Unfassbar. #neuland-Firmen …

[Update] die Antwort:

alle Verkäufe die vor dem 1.1.2017 gelaufen sind, kann ich Ihnen gerne aus dem alten System herausziehen. Für welchen Zeitraum fehlen Ihnen Abrechnungen?
Wir spielen eigentlich nur Preise aus die uns so in das System eingepflegt wurden, vielleicht können Sie mir kurz erklären wo hier genau das Problem liegt. Sie erreichen mich telefonisch auch unter 0221 / xxxx-xxxx, dass macht es vielleicht leichter.

Nein, das werde ich ganz sicher nicht telefonisch klären, denn dann fehlen mir jegliche Belege. Ich habe die jetzt aufgefordert, mir sämtliche Verkäufe/Nichtverkäufe/Abrechnungen seit der Shopübernahme im September 2014 zur Verfügung zu stellen und nochmal gefragt, wie sie dazu kommen, andere als die von mir genannten Preise einzustellen.
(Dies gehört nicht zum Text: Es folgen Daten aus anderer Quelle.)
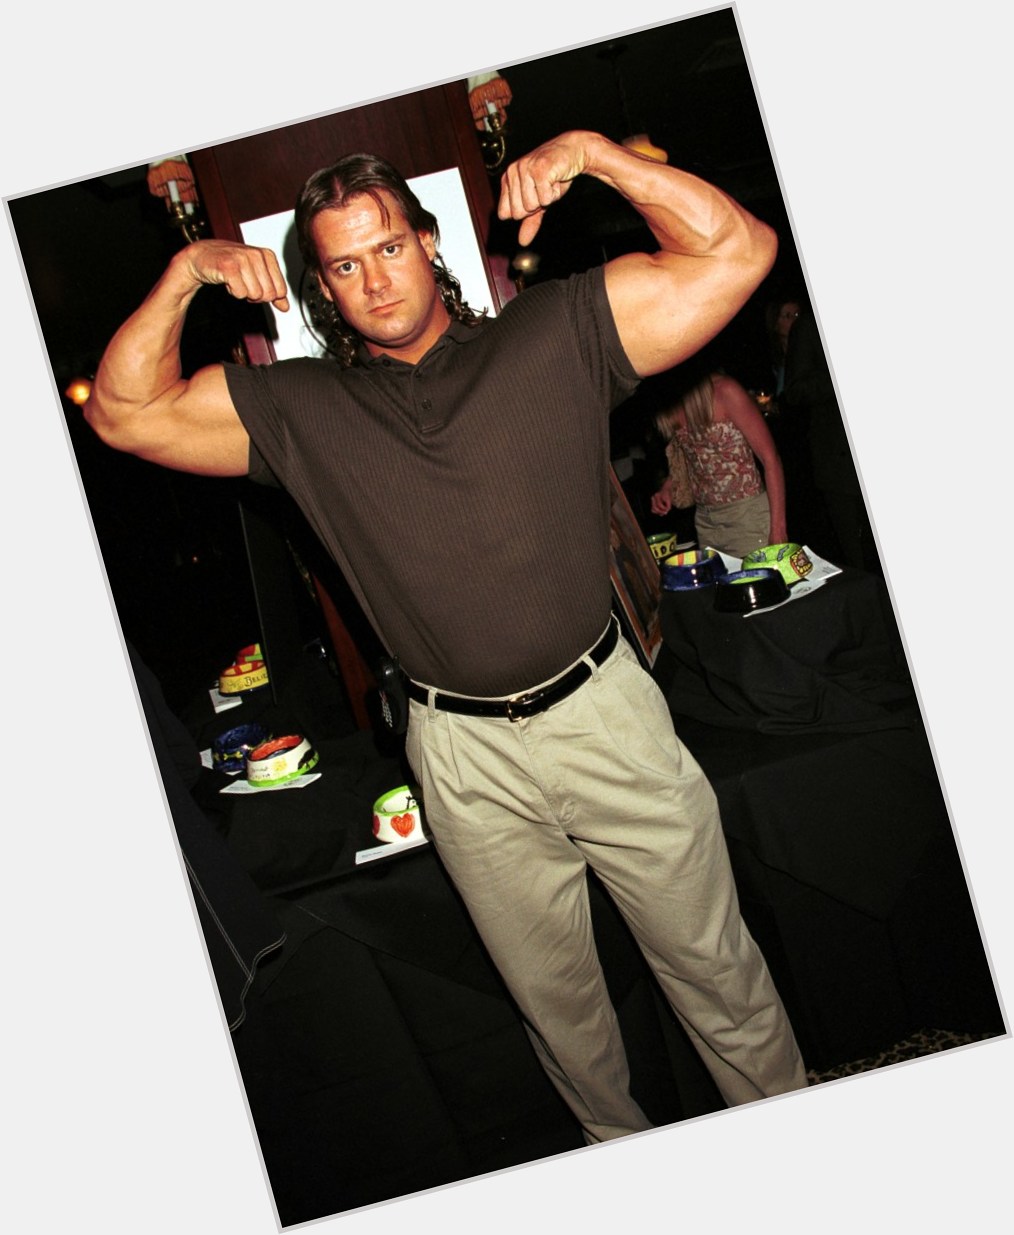 Https://fanpagepress.net/m/M/Mike Awesome Dating 2
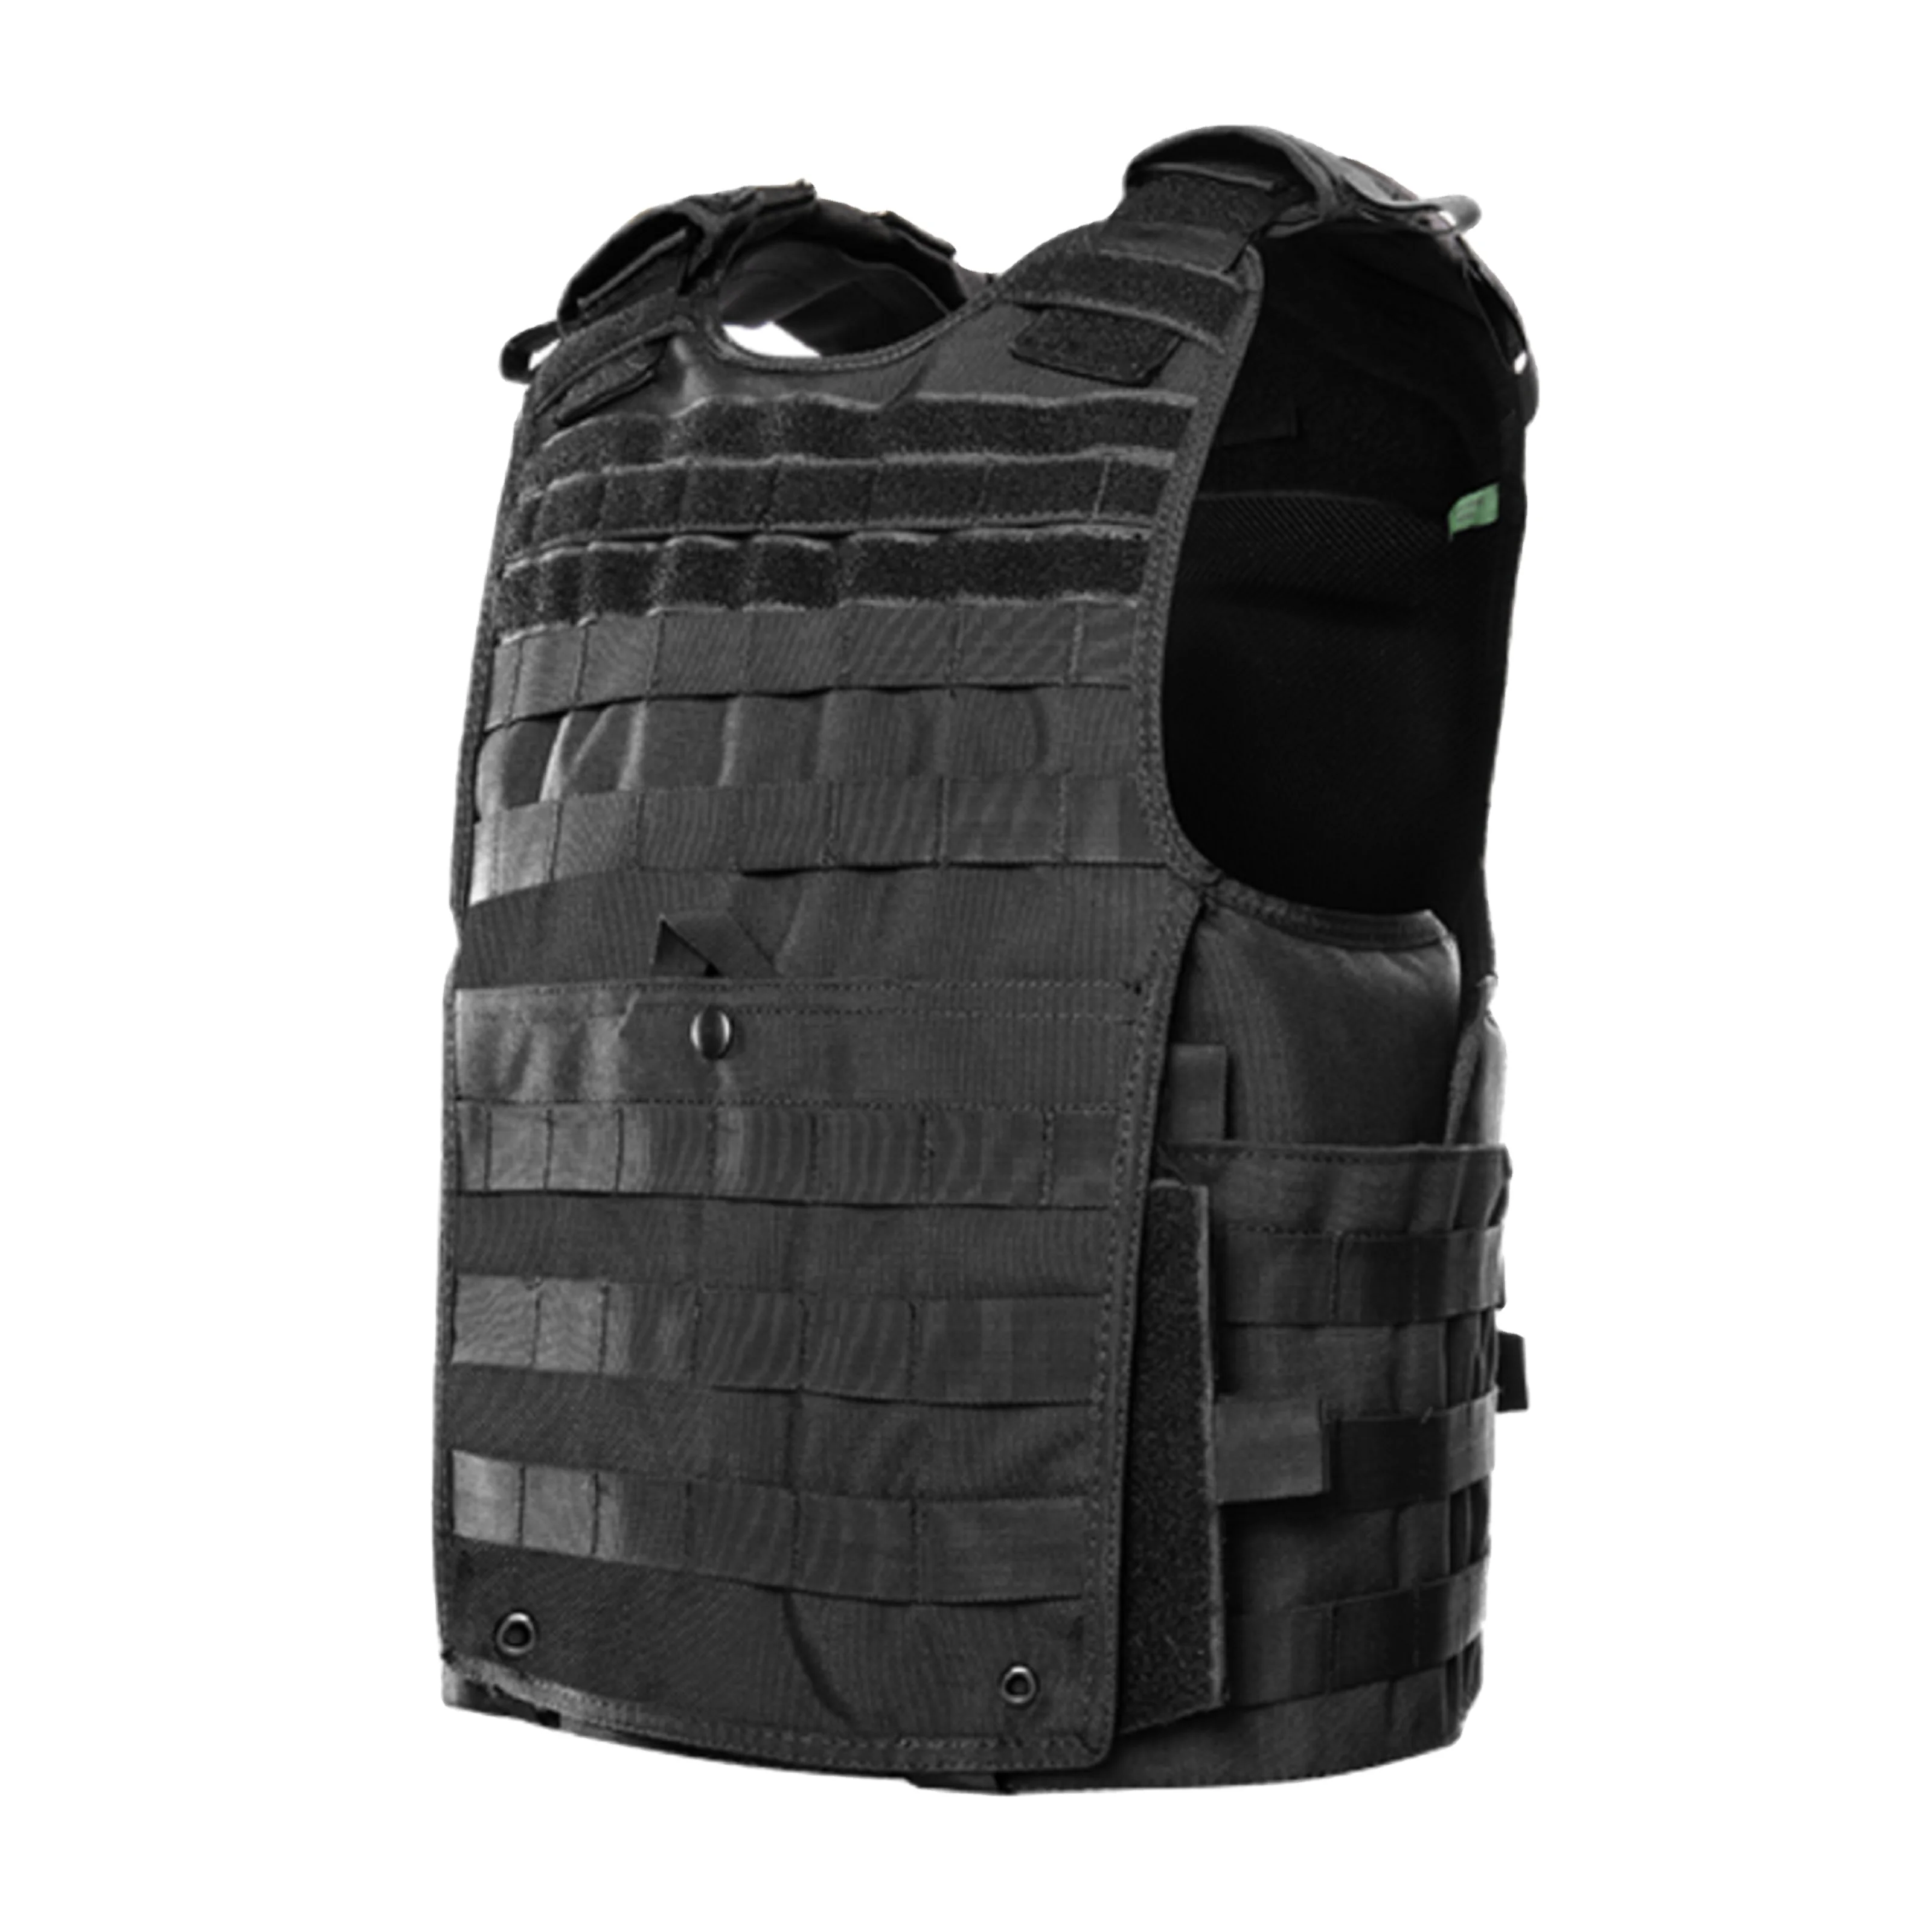 Condor Enforcer Releasable Plate Carrier Army Tactical Military MOLLE Vest Black

[Update] Offenbar ist der neue Shop noch kaputter, als man annehmen könnte, denn während mir im Backend für die beiden Bücher ein Preis von jeweils einem Euro angezeigt wird, ist der Preis im Frontend, also im Shop, 0,00 Euro, also korrekt. Dennoch ist die technische Umsetzung offensichtlich mangelhaft.